The most common way to measure how far along a job is uses costs. Under the cost-to-cost approach, percent complete = costs incurred to date / total estimated costs. So if you have spent $40,000 of an estimated $100,000 in total costs, the job is treated as 40% complete.

The contrast is the completed-contract method, which recognizes nothing until the job is finished. Completed-contract is simpler, but it makes a contractor's financials lurch — long stretches of no income punctuated by big jumps at closeout — which is why percentage-of-completion is the standard for longer construction work.

How do you calculate percentage of completion?

Start with the cost-to-cost ratio: divide the costs you have incurred to date by the total costs you estimate the job will take. That percentage is your completion figure. Keeping the total-cost estimate honest and updated is the part that takes discipline, because the whole calculation rides on it.

Then apply that percentage to the contract value to get revenue earned to date: revenue recognized = total contract revenue x percent complete. Subtract the revenue you have already recognized in prior periods to find what to recognize this period.

Profit follows the same logic.

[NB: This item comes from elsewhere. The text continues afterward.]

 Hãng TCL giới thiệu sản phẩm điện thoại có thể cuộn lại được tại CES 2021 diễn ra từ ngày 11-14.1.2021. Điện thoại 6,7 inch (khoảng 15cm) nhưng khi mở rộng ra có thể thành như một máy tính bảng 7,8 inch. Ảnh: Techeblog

Gross profit recognized to date is roughly (contract revenue x percent complete) minus costs incurred to date. As long as your total-cost estimate holds, profit is spread smoothly across the life of the job instead of landing in one lump.

How is percent-complete different from progress billing?

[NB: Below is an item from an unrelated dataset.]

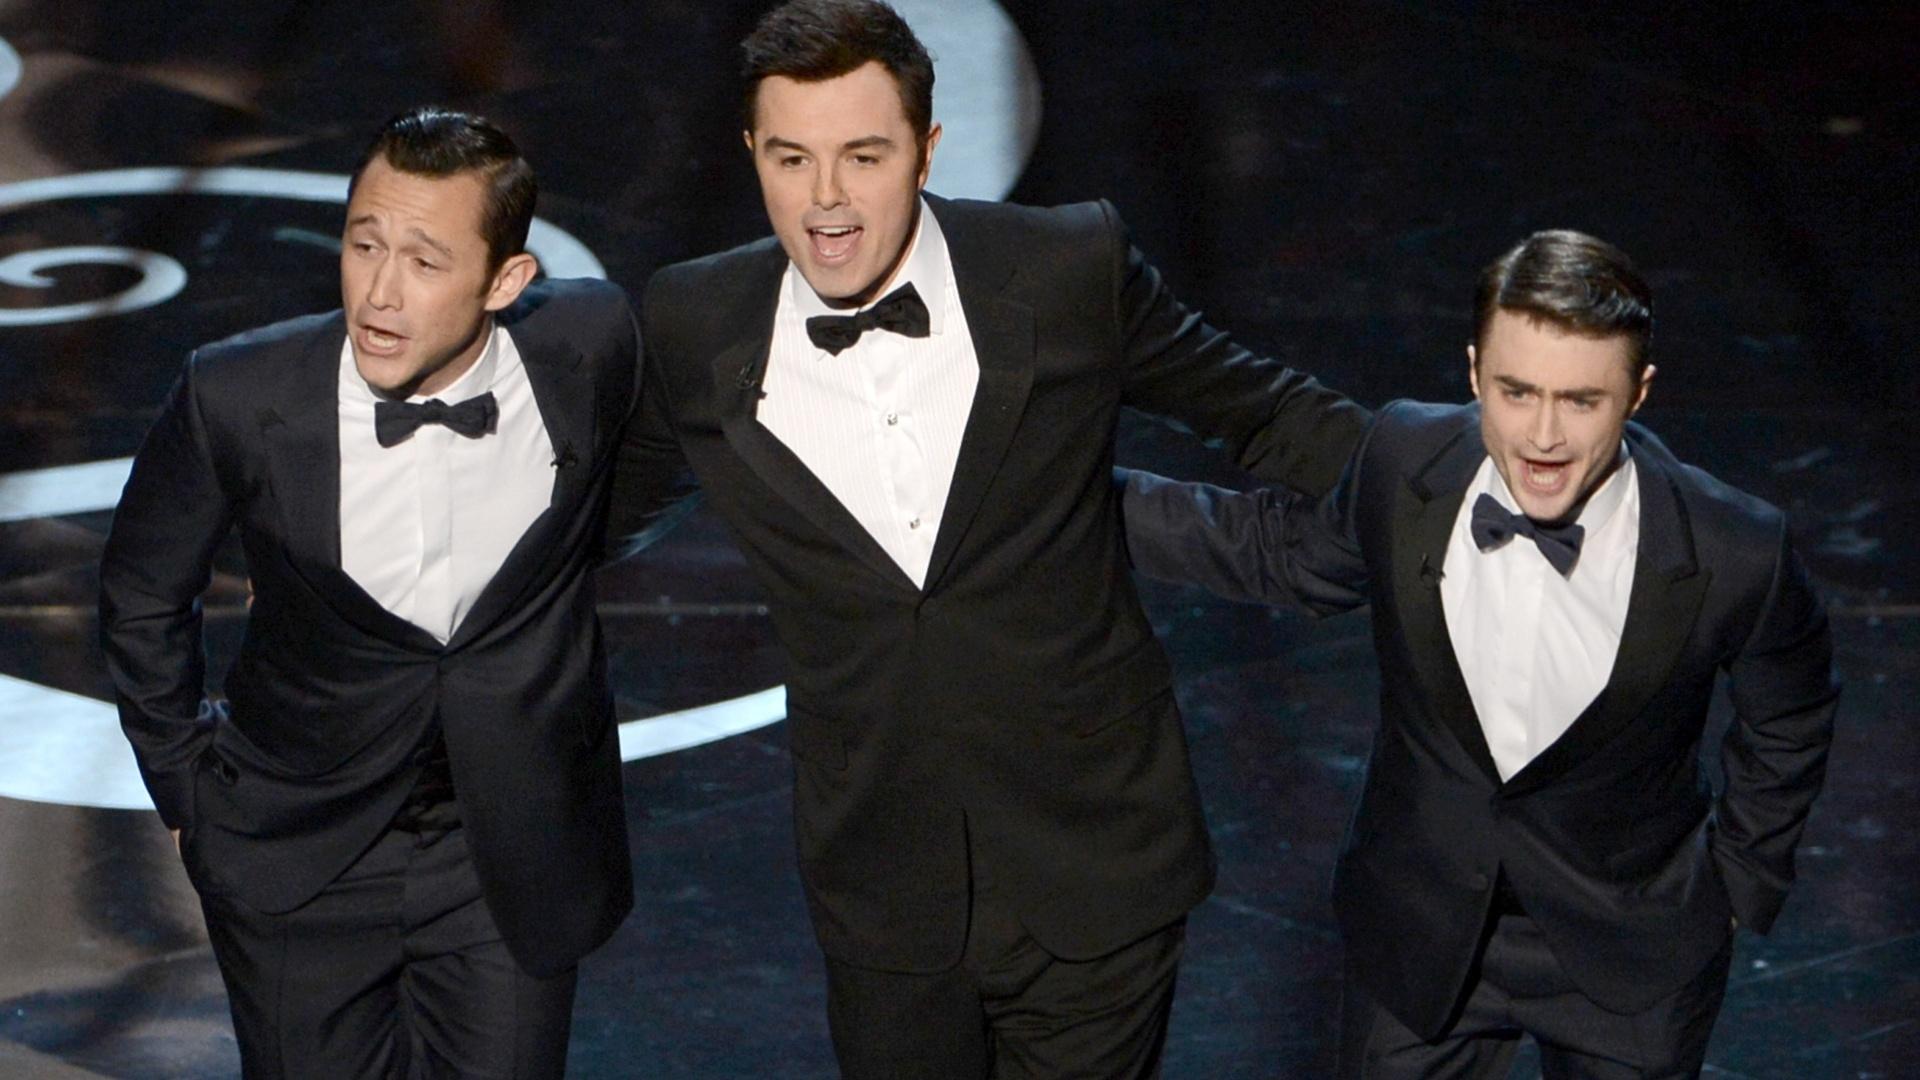 24.fev.2013 - O apresentador Seth Macfarlane (ao centro) dança ao lado dos atores Joseph Gordon-Levitt e Daniel Radcliffe

It is easy to confuse the two, but they answer different questions. Progress billing is about cash — what you invoice the customer as the job hits milestones. Percent-complete accounting is about books — how much revenue and profit you recognize on your financials for a period. You can be billed ahead of or behind the work you have actually earned.

That gap has names. When you have billed more than you have earned, it shows up as overbillings (billings in excess of costs); when you have earned more than you have billed, it is underbillings. Watching that relationship tells you whether your cash position is borrowing from future work or quietly financing the customer.

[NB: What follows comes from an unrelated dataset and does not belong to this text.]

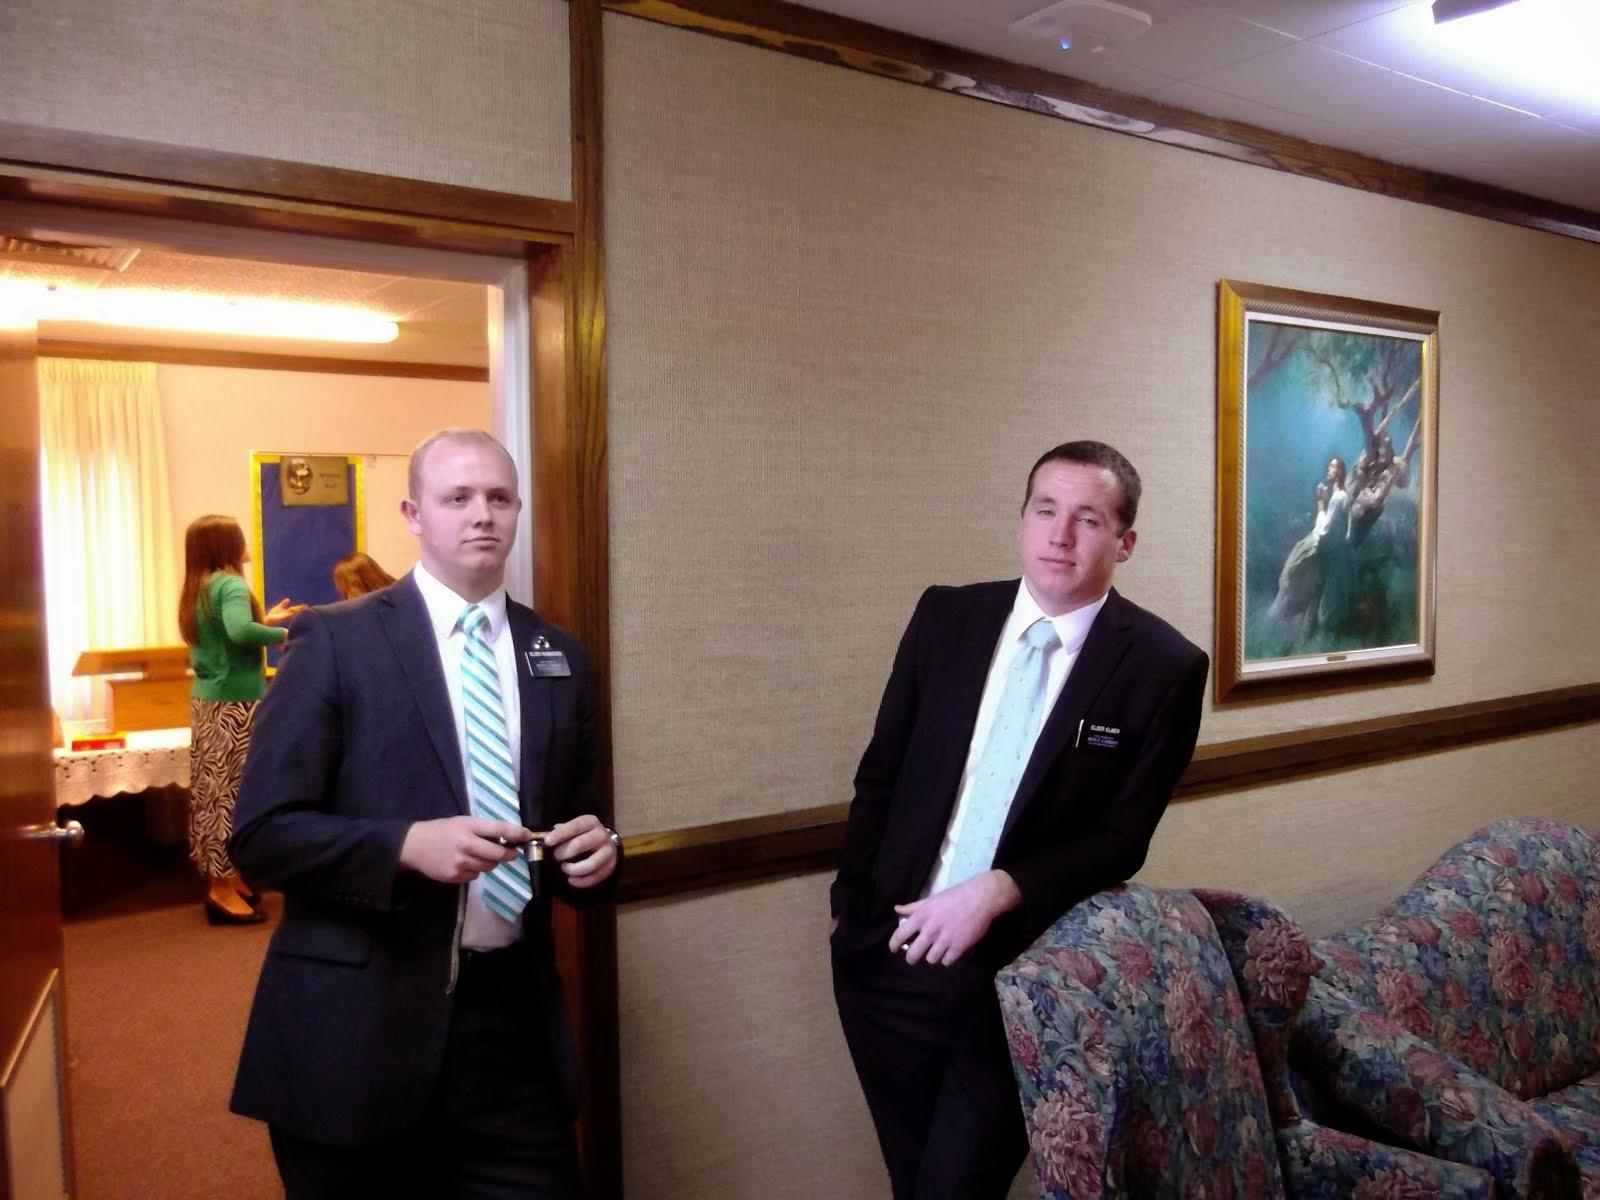 Elder Rasmussen & Elder Elmer

Simple Contractor CRM today handles the billing side — progress draws, retainage, deposits, and change orders, with payment recording and accounts-receivable tracking. The formal percentage-of-completion entries on your books typically live in your accounting system; QuickBooks and similar integrations are on the roadmap, and you should confirm revenue-recognition treatment with your accountant.

Worked example

A contract is worth $200,000 and you estimate $150,000 in total costs, so the planned profit is $50,000. By the end of month two you have incurred $60,000 in costs. Percent complete = $60,000 / $150,000 = 40%.

Revenue recognized to date = $200,000 x 40% = $80,000. Gross profit recognized to date = $80,000 - $60,000 = $20,000, which is 40% of the planned $50,000 profit. If you had instead billed the customer $95,000 by this point, you would be overbilled by $15,000 against the $80,000 earned — a cash cushion now, but money you have not yet earned and must deliver against.

Frequently asked

Who should use percentage-of-completion?
It is the standard for longer-term construction contracts that span multiple accounting periods. Short jobs that start and finish quickly often do not need it. Confirm the right method for your situation with your accountant.
What is the cost-to-cost method?
It measures percent complete as costs incurred to date divided by total estimated costs. It is the most common way to drive the percentage-of-completion calculation.
What's the difference between overbilling and underbilling?
Overbilling means you have invoiced more than you have earned to date; underbilling means you have earned more than you have invoiced. Both come from the gap between billing and recognized revenue.
Does Simple Contractor CRM do percent-complete accounting?
SCC handles the billing side — progress draws, retainage, deposits, and change orders with payment tracking. Formal revenue-recognition entries usually live in your accounting software; integrations like QuickBooks are on the roadmap.